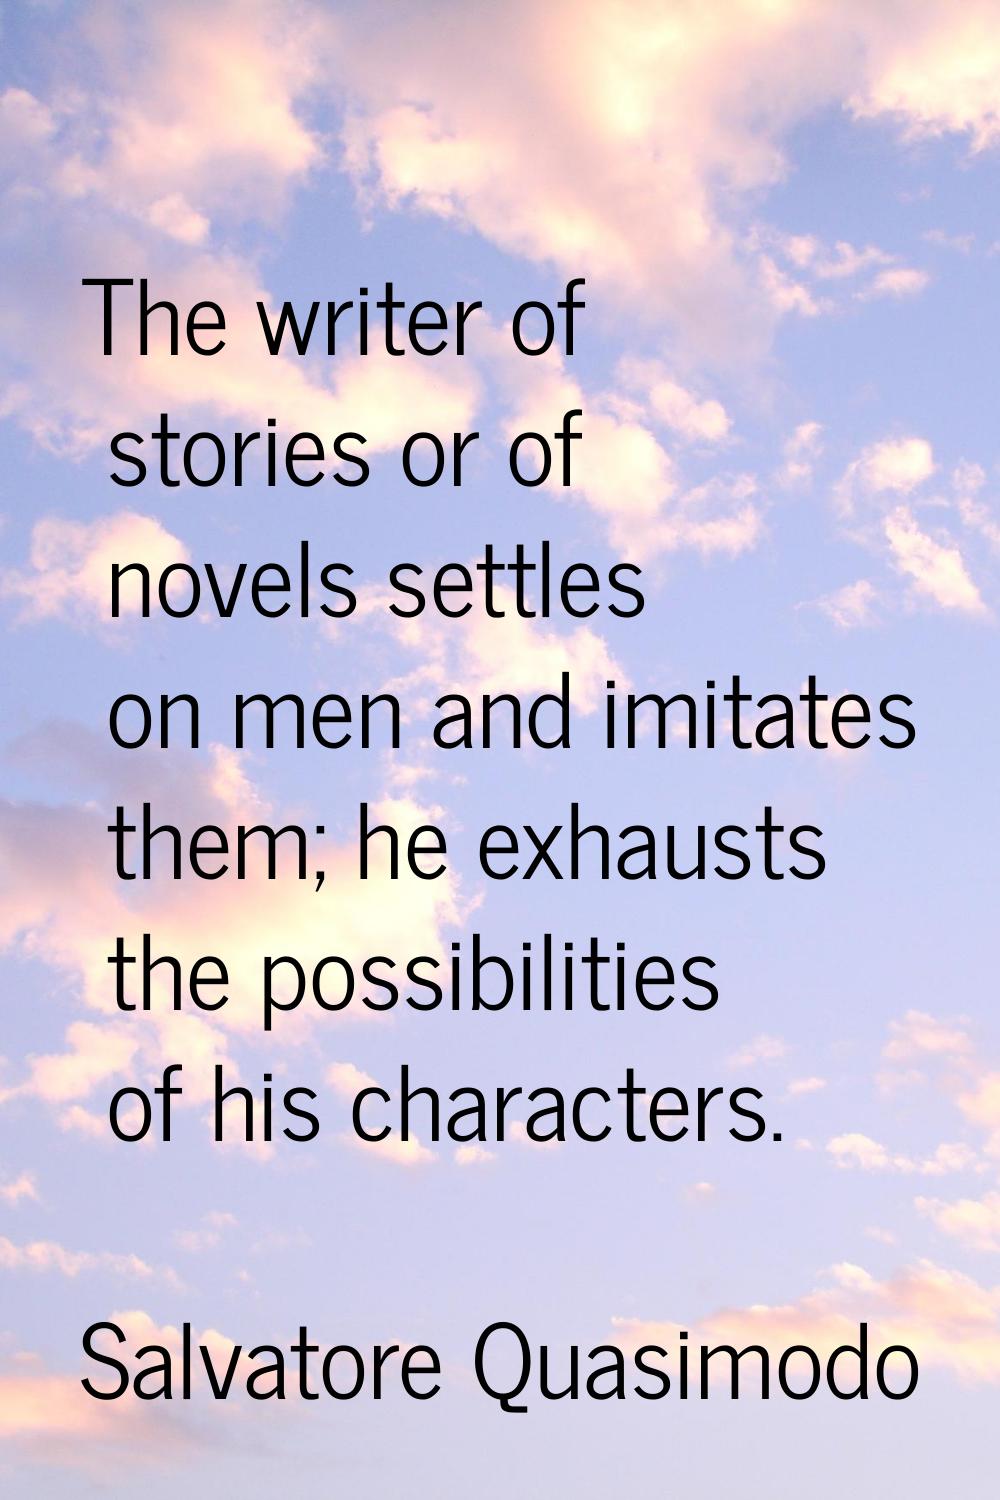 The writer of stories or of novels settles on men and imitates them; he exhausts the possibilities 
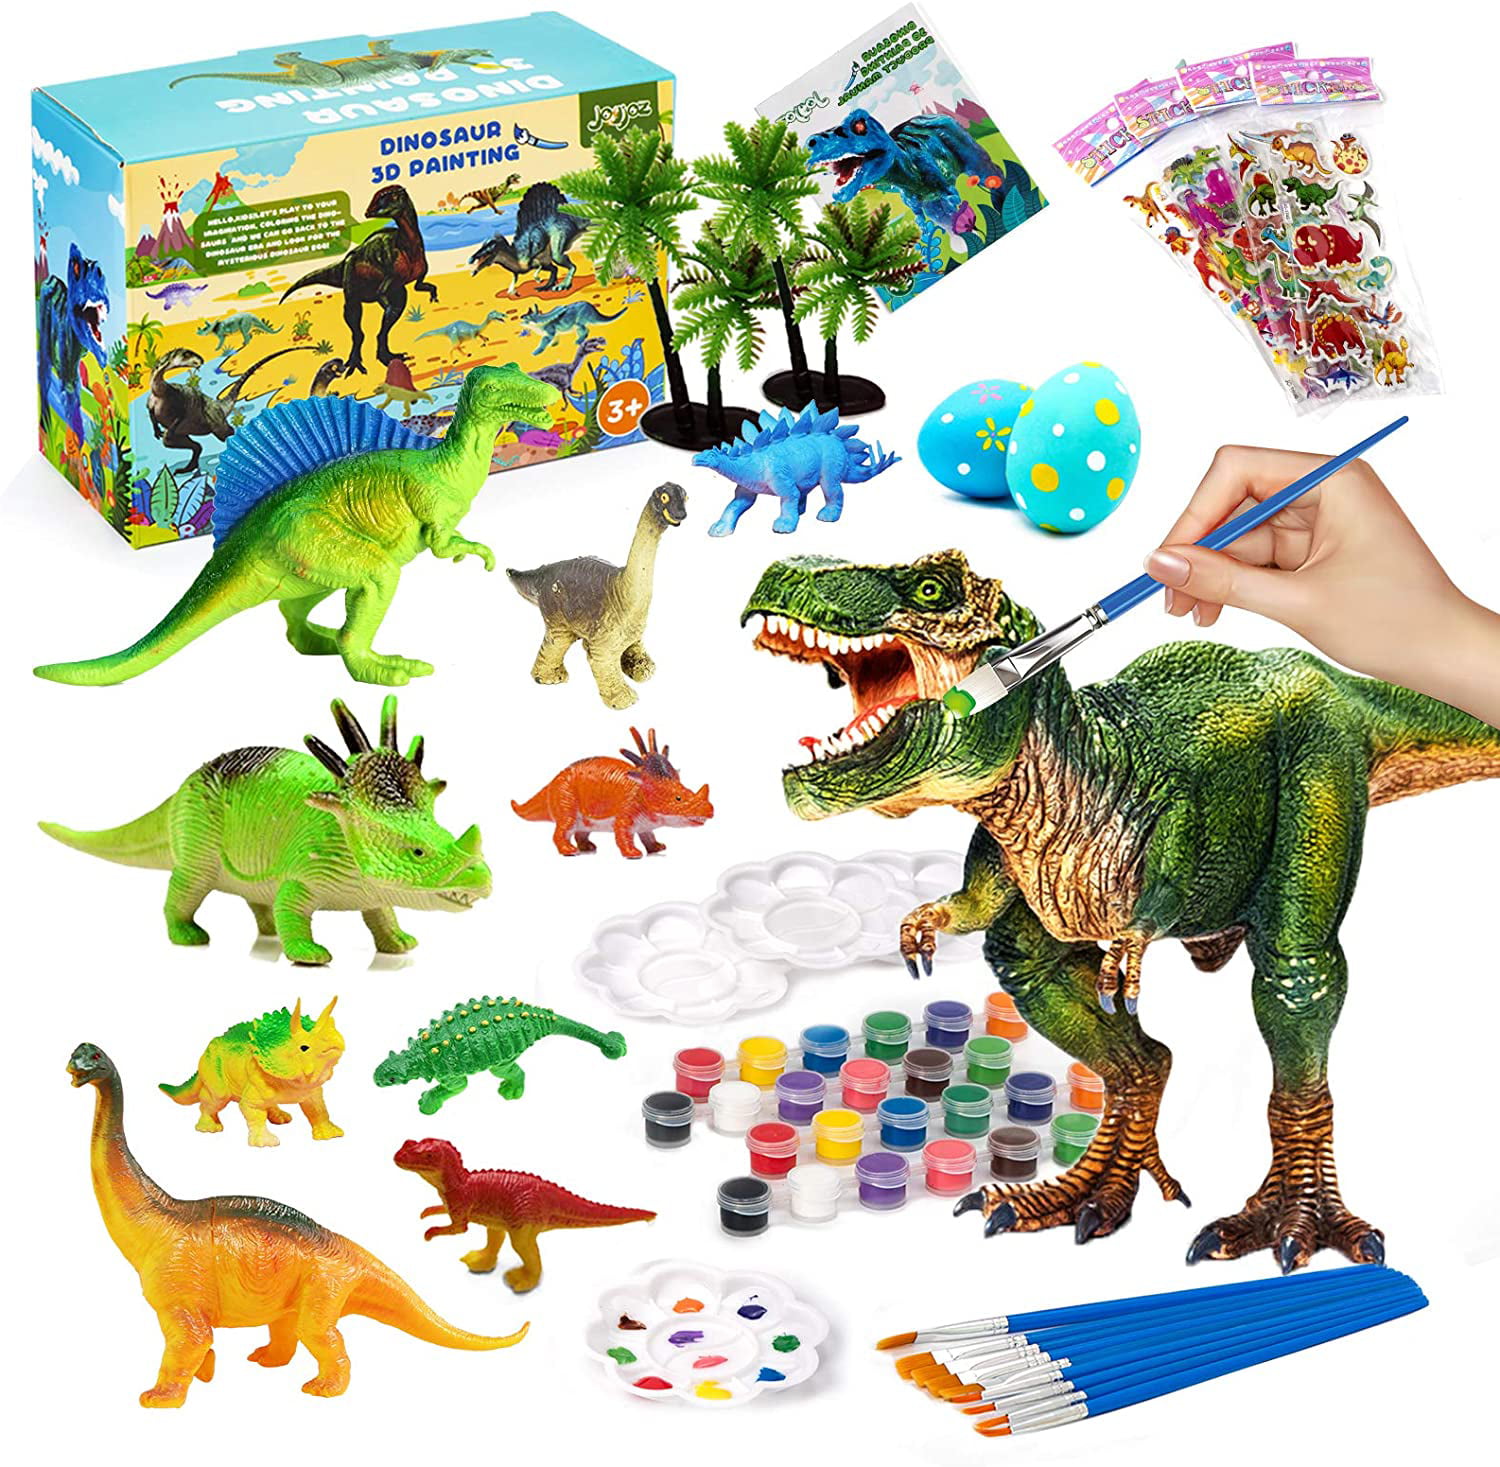 Art Supplies for Kids Paint Your Own Dinosaur Creativity DIY 3D Painting Dinosaurs Toys Arts and Crafts for Boys Girls Age 3,4,5,6,7,8 Years Old Big Size Dinosaur Painting Kit for Kids Crafts
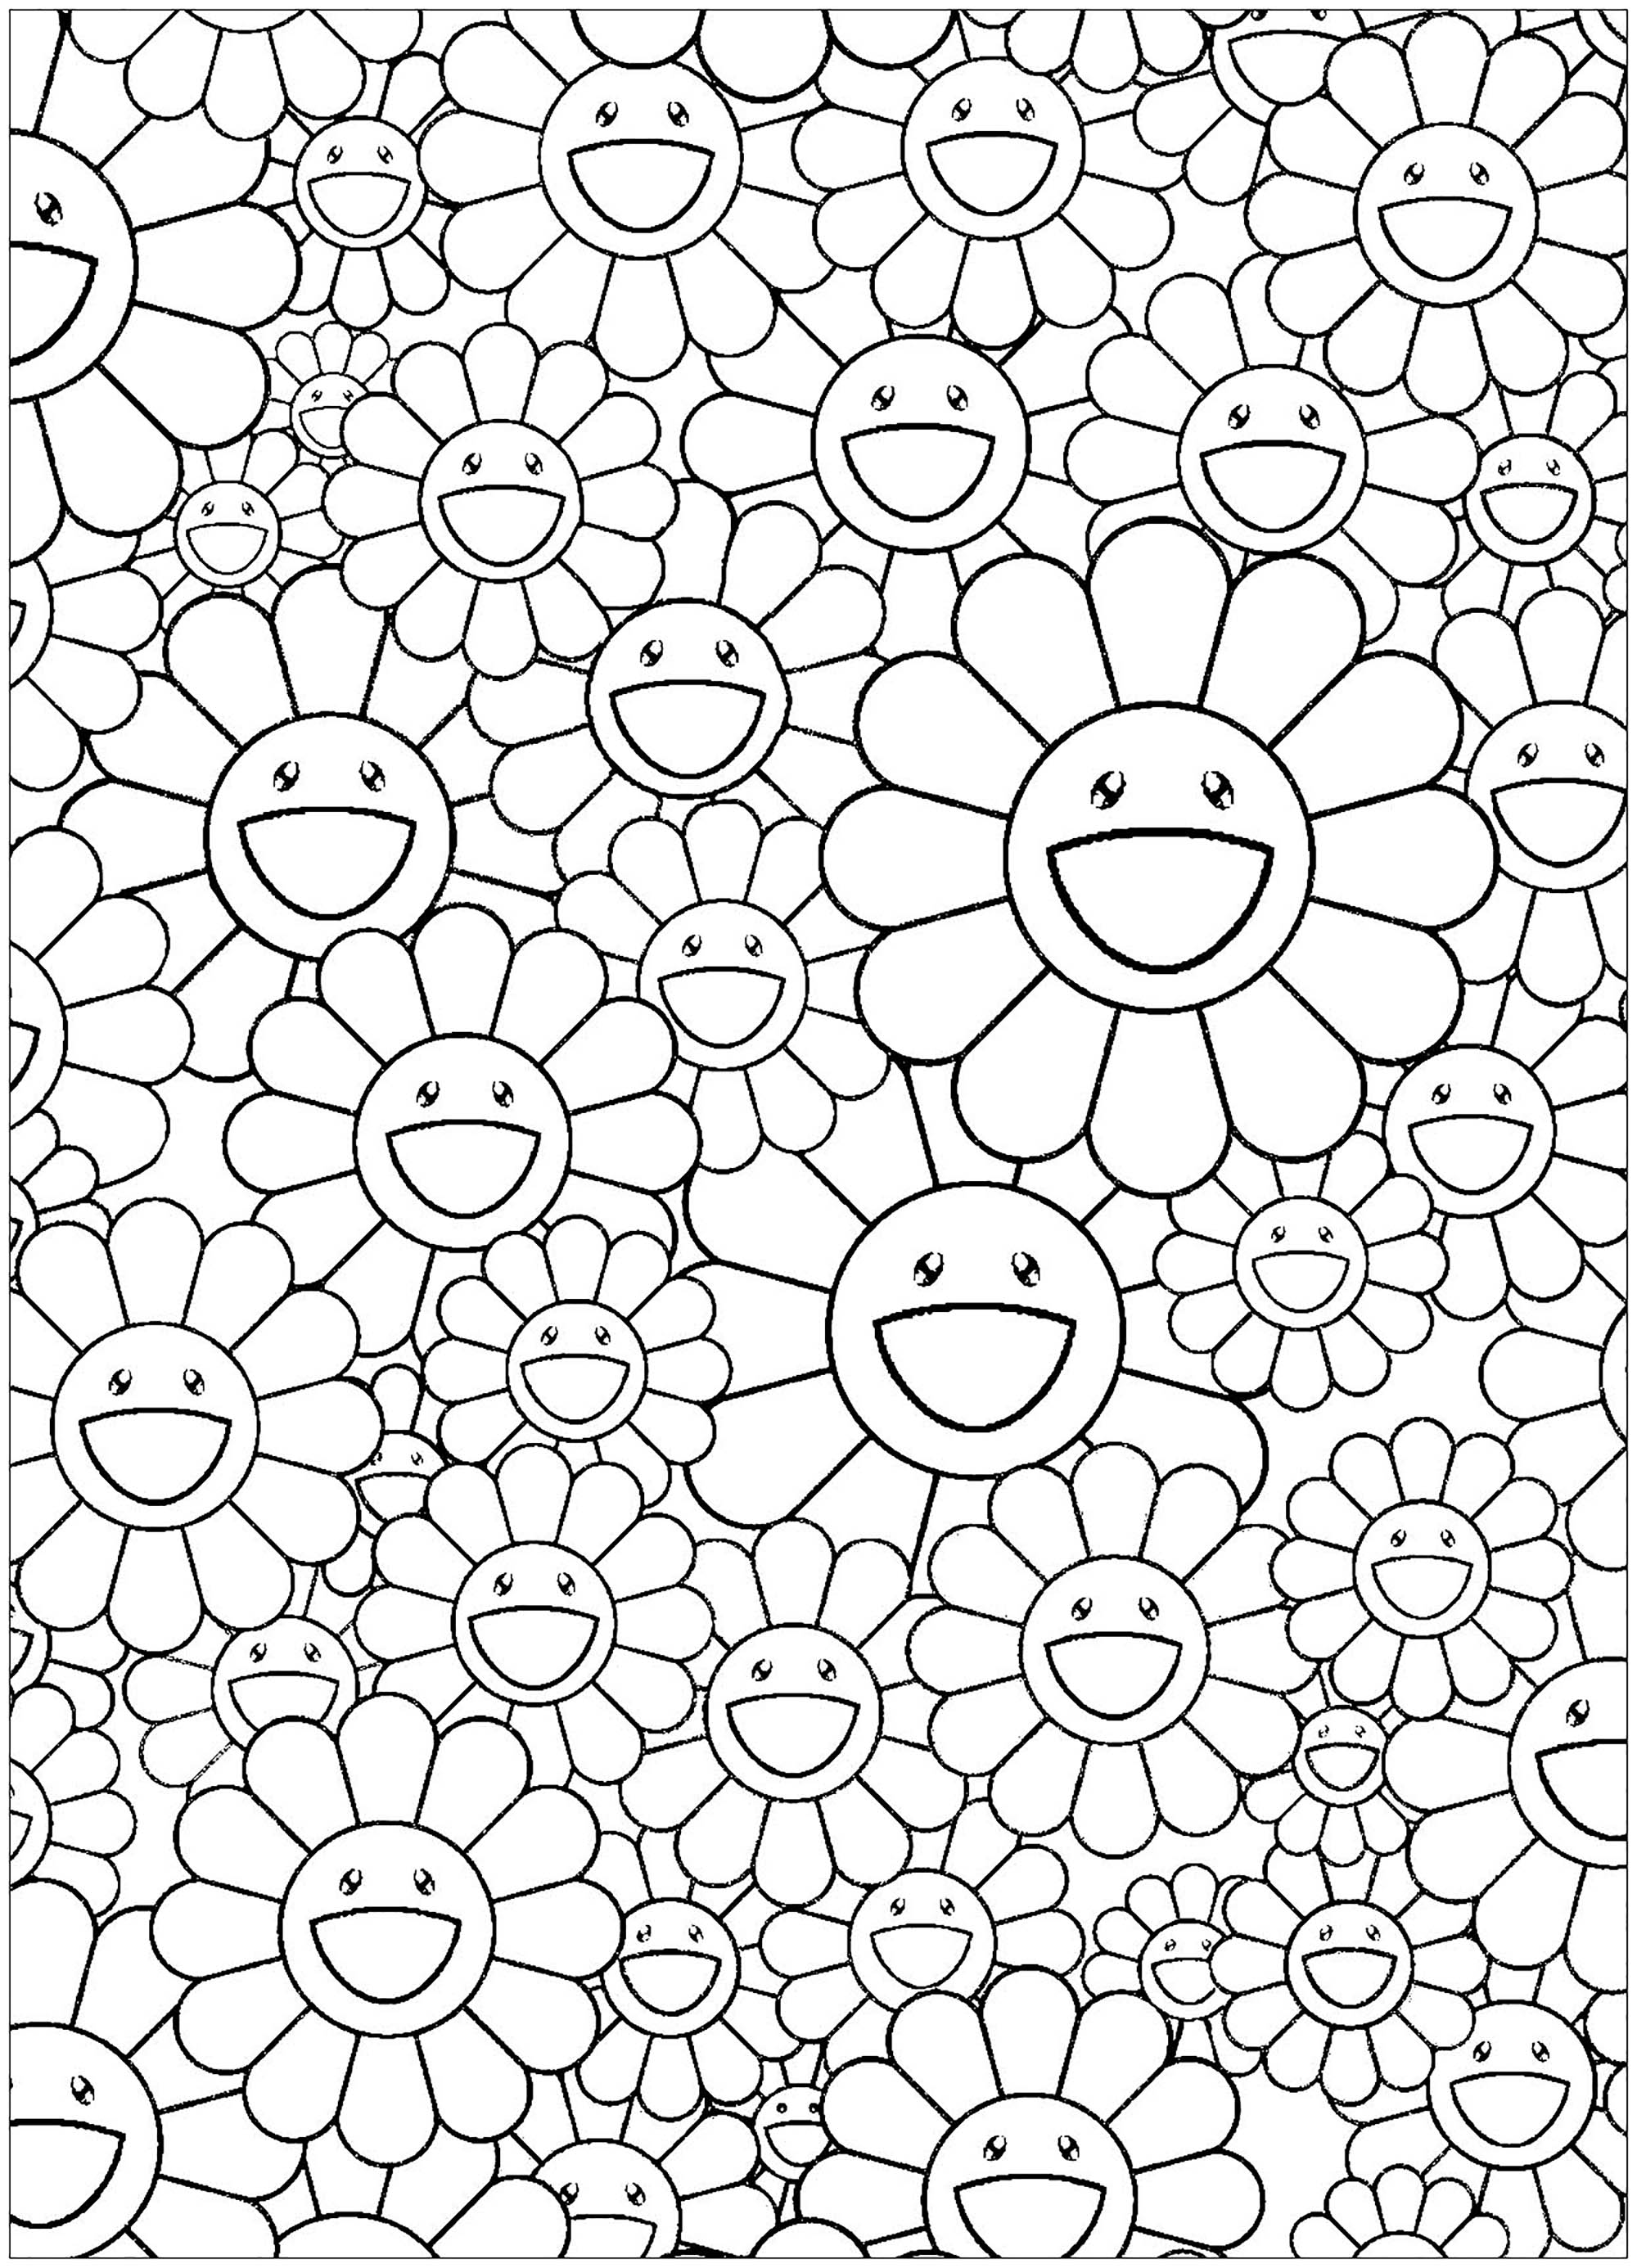 Coloring page inspired by a work by Japanese artist Takashi Murakami (style : Superflat) - simple version. Happy flowers !

------------------------------------------------------------

§ **Task details**: Set down the full listing above with its wording unchanged. Leave out its images.

§ **Problem solution**:
 The writer of stories or of novels settles on men and imitates them; he exhausts the possibilities 
 Art Supplies for Kids Paint Your Own Dinosaur Creativity DIY 3D Painting Dinosaurs Toys Arts and Crafts for Boys Girls Age 3,4,5,6,7,8 Years Old Big Size Dinosaur Painting Kit for Kids Crafts
 Coloring page inspired by a work by Japanese artist Takashi Murakami (style : Superflat) - simple version. Happy flowers !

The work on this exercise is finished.